Secure File Copy to AWS S3 FAQ

What is Secure File Copy to AWS S3?

AWS Storage Gateway supports the NFS/SMB file interface, volume interface and tape interface to S3, which is useful when you want to use S3 as if it is an NFS or SMB file system. But there are times when the use case is different.

For example: Developers like to leverage the Direct Connect to copy files to S3 but you are not sure how to enable them in a secure manner. Since S3 is a public service, you must use public VIF to terminate the Direct Connect. This implies all on-prem users can upload to any S3 bucket.

Another example: Your customers need to send data to AWS S3 buckets but you need to apply control to the activities as to which user and which buckets are available to upload objects.

Aviatrix Secure File Copy is a tool that allows your developers to copy files between on-prem while enabling you to control from which S3 buckets and from where the file can be copied.

What are the benefits of Secure File Copy?

The key benefit of Secure File Copy (SFC) to AWS S3 is its ability for you to have control over the data transfer in and out of AWS S3 bucket.

If you upload files to S3 over Direct Connect, you have to use Direct Connect Public VIF which means you must open your firewall to all AWS public services. An end user can upload to his own S3 account and bucket, leading to data leakage.

Same issue of data leakage occurs if you upload files to S3 over public Internet.

How does SFC work?

SFC works by launching an Aviatrix gateway in a VPC that has a private connection to on-prem, for example, over a Direct Connect, as shown below.


Through SFC, an S3 bucket is mounted as a local directory to the Aviatrix gateway with the same name as the bucket. A VPC endpoint is created to serve S3 so that data object transferring is private within the AWS network and free of charge. File copying from on-prem to the gateway directory is transferred to the S3 bucket.

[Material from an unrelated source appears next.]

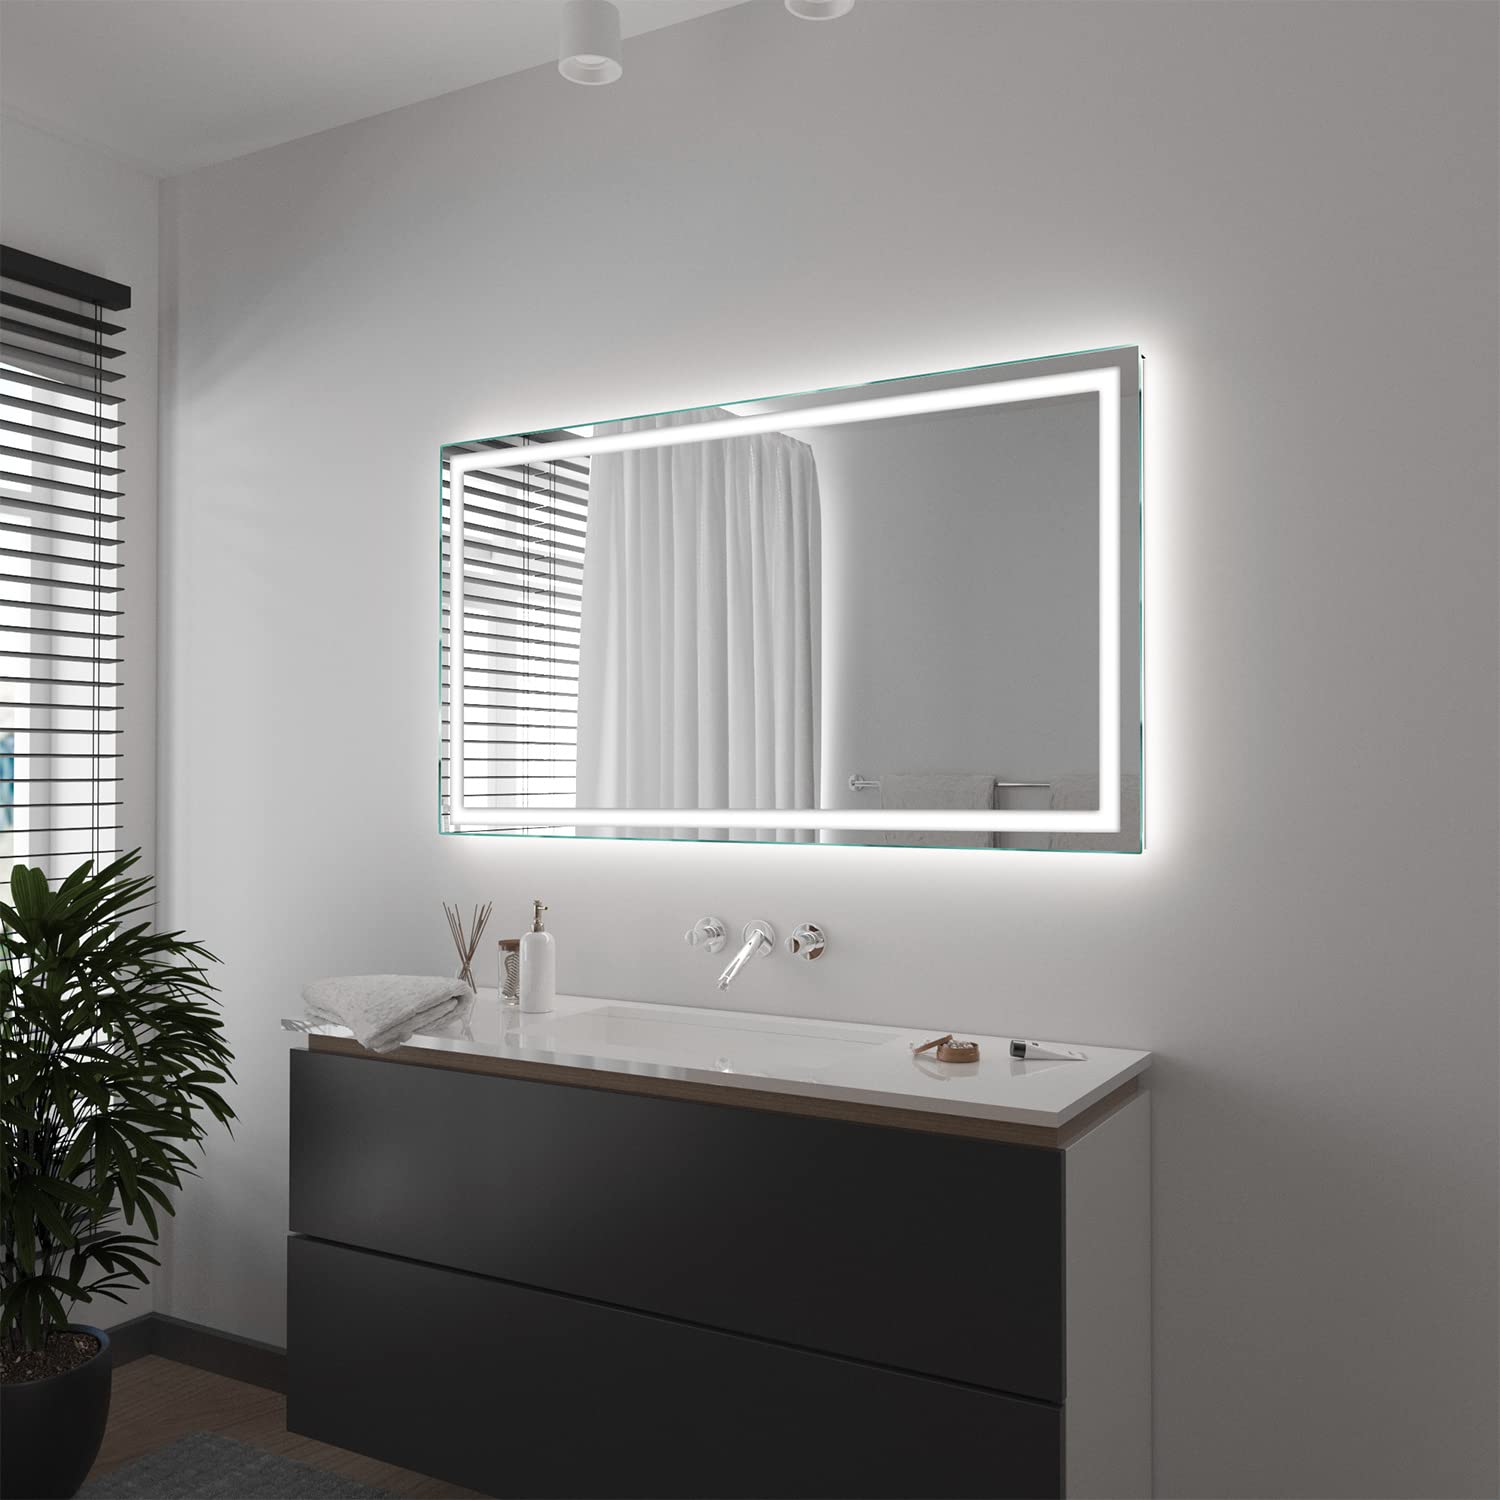 SARAR Wandspiegel mit rundum LED-Beleuchtung 150x100 cm Made in Germany Toulon eckiger Badspiegel Spiegel mit Beleuchtung Badezimmerspiegel

With this approach, you can specify policies such as only allowing the VPC endpoint to access S3 buckets. Since only the mounted S3 buckets on an Aviatrix gateway can be used for file transferring, SFC effectively locks down which S3 buckets and from where data can be transferred.

SFC also works in a VPC that connects over the Internet with IPSEC.

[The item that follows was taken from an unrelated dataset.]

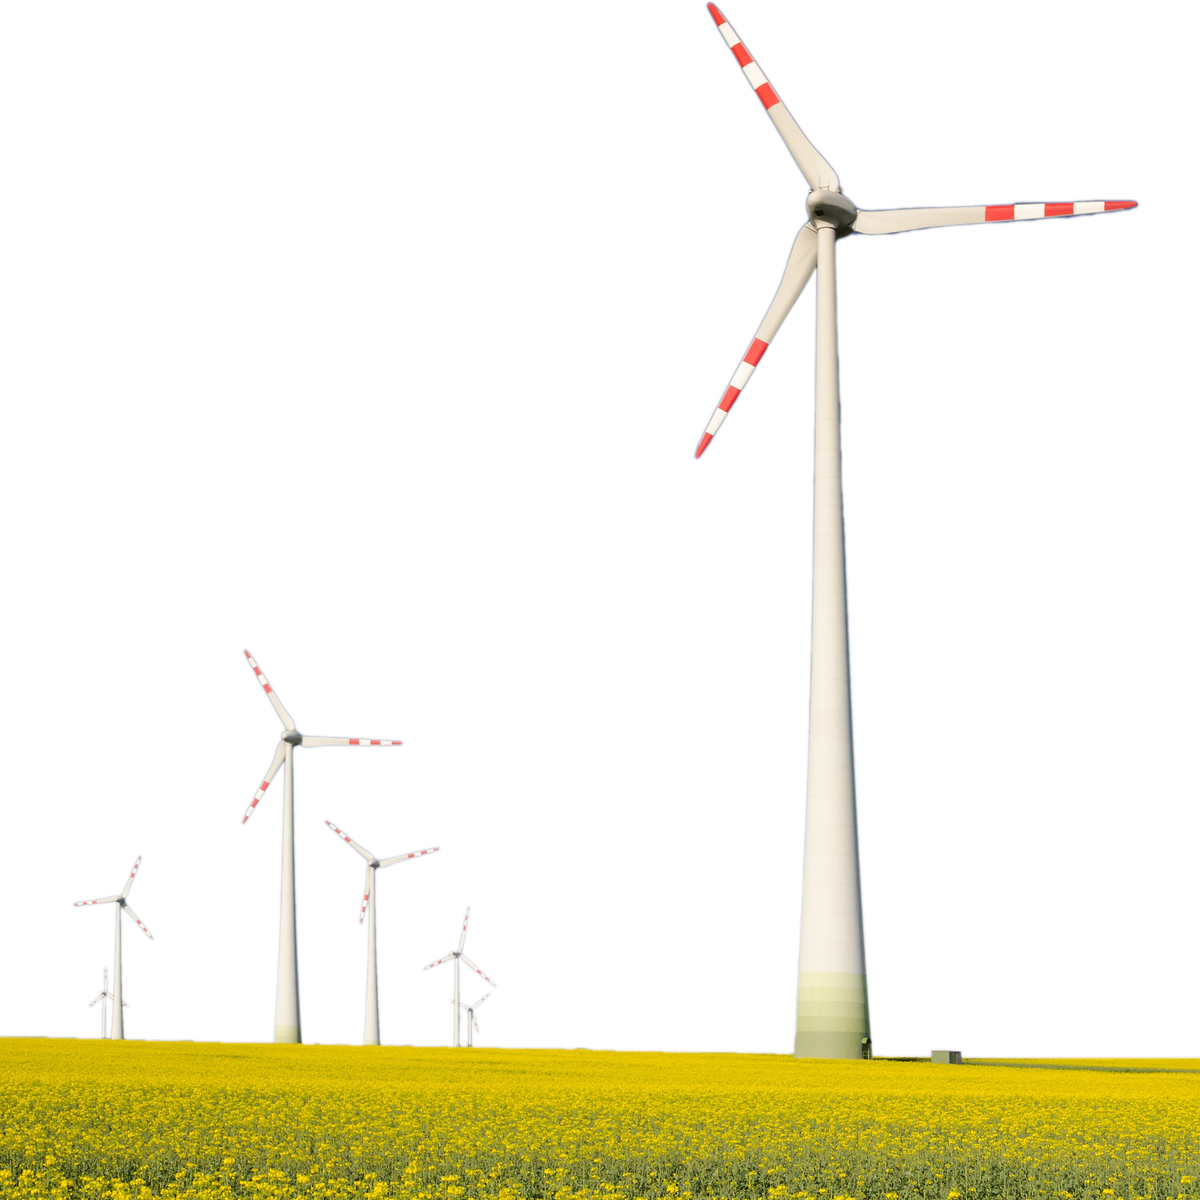 Wind turbines on a field

Is there an additional data charge by going through the Aviatrix gateway?

No, there is no data charge by AWS for using SFC. Normally AWS charges data transfer for data traffic leaving a VPC, however in this case, data transfer is through an AWS VPC endpoint to S3 which is free of charge.

How to setup SFC with preview release?

Here are the steps for setting up SFC in a preview release.

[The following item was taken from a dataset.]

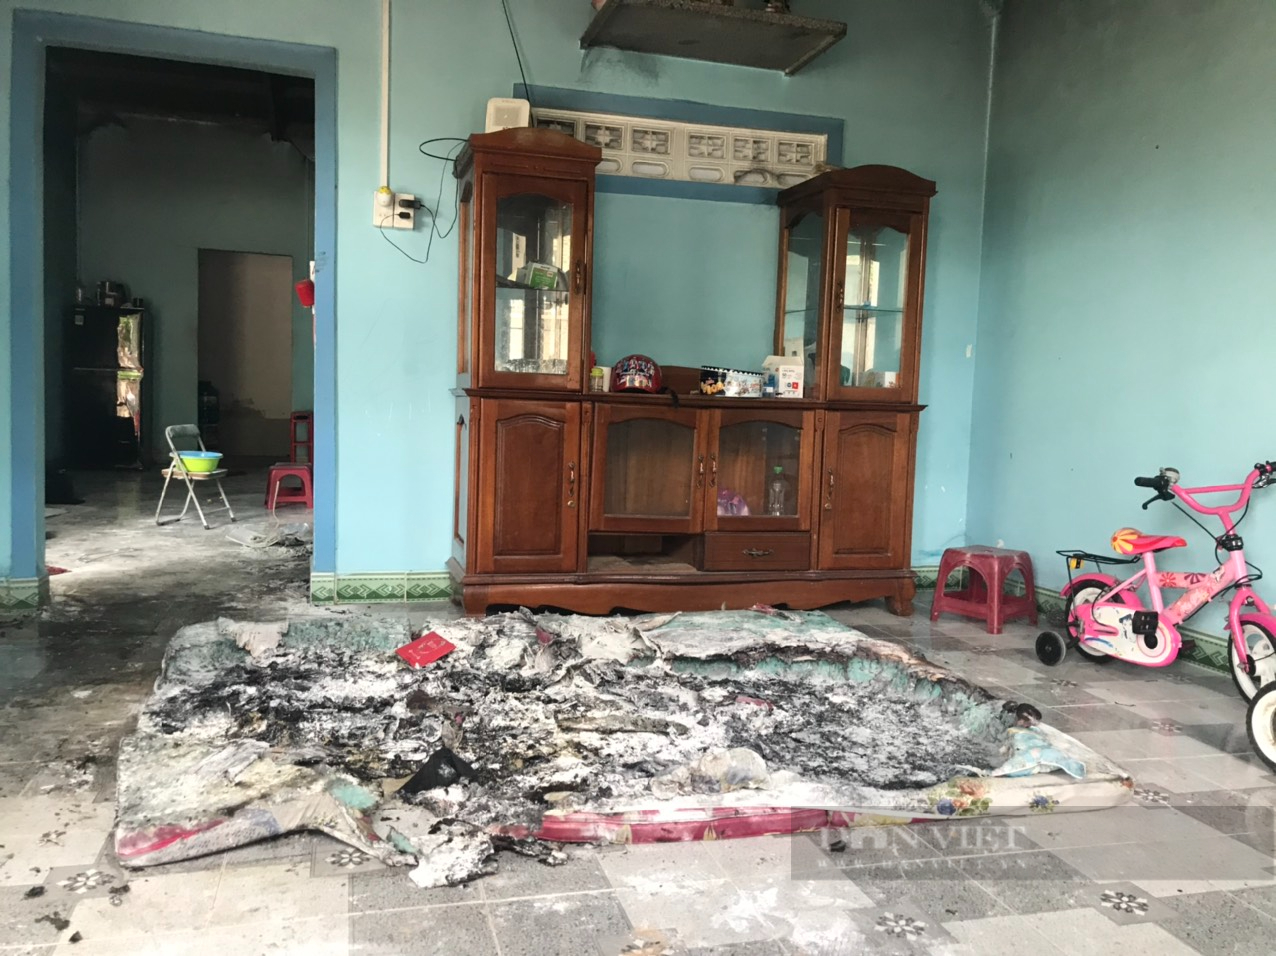  Hiện trường vụ cháy khiến cả hai vợ chồng trẻ tử vong ở Khánh Hòa - Ảnh 3.

  1. Custom upgrade to 4.1-sfc-preview.
  2. At the Aviatrix Controller console, create an AWS account with access key and secret key (NOT with IAM roles.)
  3. Launch an Aviatrix gateway in this account in a VPC.
  4. Go to AWS console VPC page to create a VPC endpoint for S3 with the VPC where the gateway was launched.
  5. At the Aviatrix Controller Console, go to Useful Tools -> Secure File Copy. Select the gateway name and enter the name of the S3 bucket where you need to transfer file to. Leave all other options on default value and click OK.
  6. Open the security group inbound rules of the gateway instance from AWS Console to allow TCP port 22 from the on-prem network address range.
  7. Upload a file by using the scp commands with the following syntax. (contact for the private key.)
scp -i guest_private_key.pem file_to_be_uploaded guest@gateway_private_ip_address:/home/guest/bucket_name/.

What are the known limitations of the preview release?

  1. Only one bucket, one private key and one user “guest” are supported.
  2. If you stop and start the gateway, the mount point cannot be preserved. You need to delete the bucket and create it again.
  3. IAM roles are not supported.

What to expect in the future official release?

We expect all limitations stated above to be removed when this feature is officially released.